= Connolly Column =

Volunteers in the Second Spanish Republic

Memorial to Limerick men who fought in the International Brigades, erected outside Limerick City Hall in 2014.

The Connolly Column (Columna Connolly, Colún Uí Chonghaile) was the name given to a group of Irish republican socialist volunteers who fought for the Second Spanish Republic in the International Brigades during the Spanish Civil War. They were named after James Connolly, the executed leader of the Irish Citizen Army. They draw the column part of the name from the name for local IRA units.
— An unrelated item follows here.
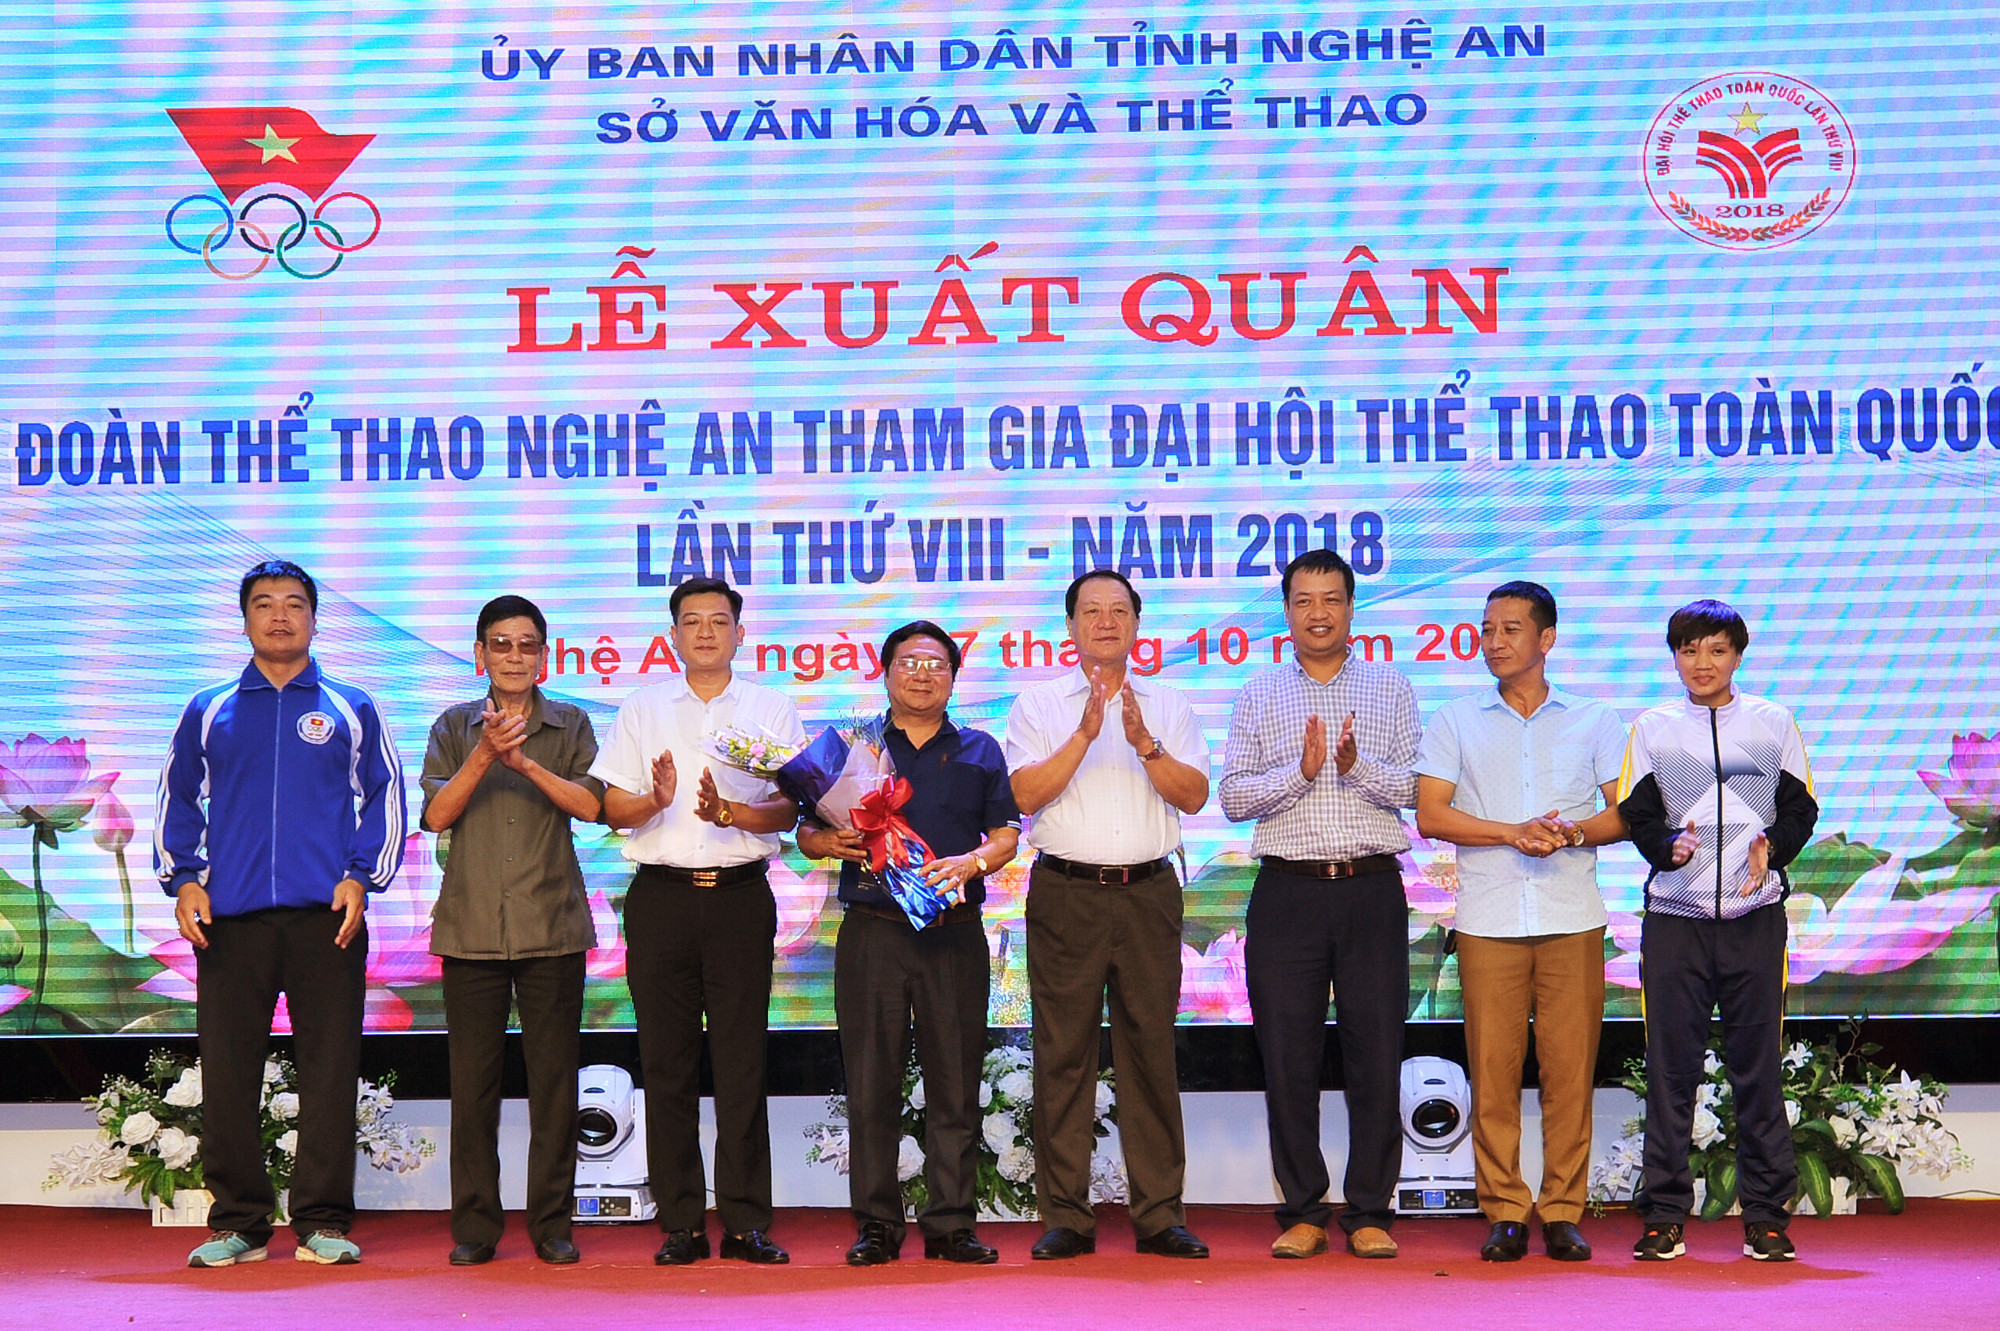 Đồng chí Lê Minh Thông tặng hoa cho Đoàn thể thao Nghệ An. Ảnh: Thành Cường

They were a company-strength unit of the XV International Brigade, which also included the US, British and Latin American battalions in Spain. The name is now retroactively applied to all Irish volunteers who fought for the Spanish Republic.

==Origins==
On the outbreak of the Spanish Civil War in July 1936, support for the Spanish Republic grew among left-wing organizations, taking tangible form in a decision in September 1936 to form an International Brigade of volunteers to fight with the Republican government against the fascist-dominated Nationalist rebels. This decision was echoed in Ireland by various left-wing groups; the chief organizers of this effort were Sean Murray, Peadar O'Donnell, and Frank Ryan.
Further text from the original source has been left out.